Evidence of meeting #21 for National Defence in the 40th Parliament, 3rd Session. (The original version is on Parliament’s site, as are the minutes.) The winning word was international.

A recording is available from Parliament.

On the agenda

MPs speaking

Also speaking

Fen Osler Hampson  Chancellor's Professor and Director, Norman Paterson School of International Affairs, Carleton University, As an Individual
Ernie Regehr  Co-Founder, Project Ploughshares; Adjunct Associate Professor, Peace and Conflict Studies at Conrad Grebel University College, University of Waterloo; Fellow, Centre for International Governance Innovation, As an Individual
Paul Samson  Director General, Strategic Policy Directorate, Strategic Policy and Performance Branch, Canadian International Development Agency

12:10 p.m.

Conservative

The Chair Conservative Maxime Bernier

Thank you very much.

I will give the floor to Mr. Braid for five minutes.

12:10 p.m.

Conservative

Peter Braid Conservative Kitchener—Waterloo, ON

Thank you very much, Mr. Chair, and thank you to all our witnesses for being here.

Today we've had such a wealth of information and testimony has been of such high calibre, it's hard to know where to start.
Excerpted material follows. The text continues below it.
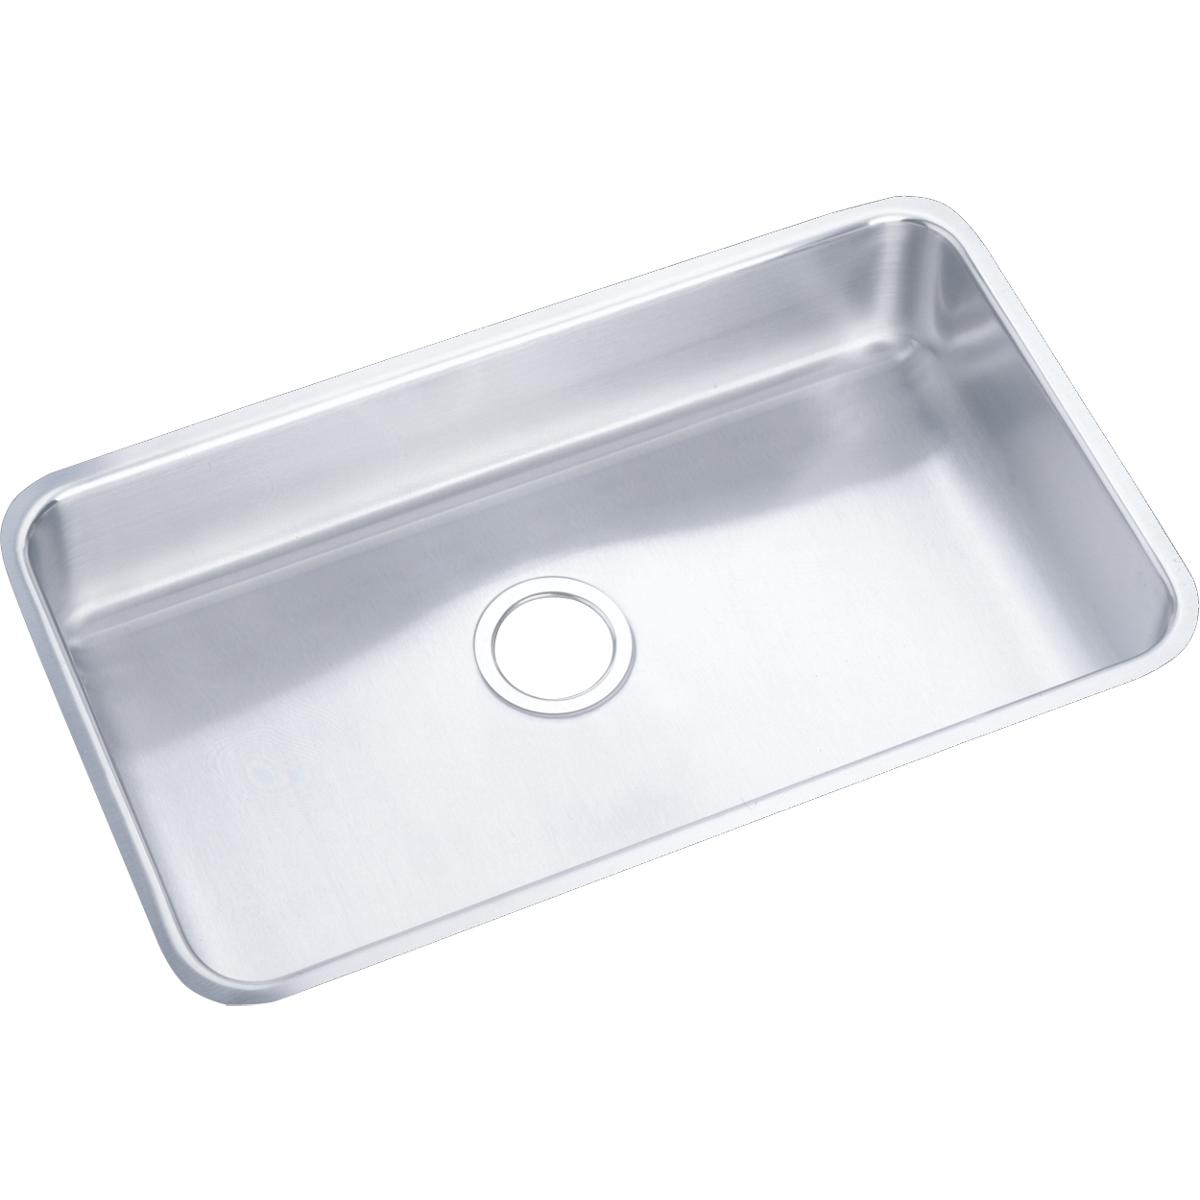 Elkay Stainless Steel Single Bowl Undermount Sink 1263188

So thank you.

Dr. Regehr, thank you very much for coming from Waterloo, the centre of innovation in our country.

12:10 p.m.

Co-Founder, Project Ploughshares; Adjunct Associate Professor, Peace and Conflict Studies at Conrad Grebel University College, University of Waterloo; Fellow, Centre for International Governance Innovation, As an Individual

Ernie Regehr

Mr. Chair, where's he from?

12:10 p.m.

Voices

Oh, oh!

12:10 p.m.

Conservative

Peter Braid Conservative Kitchener—Waterloo, ON

Thank you as well for your more than 30 years of very thoughtful contributions to issues relating to global peace and security.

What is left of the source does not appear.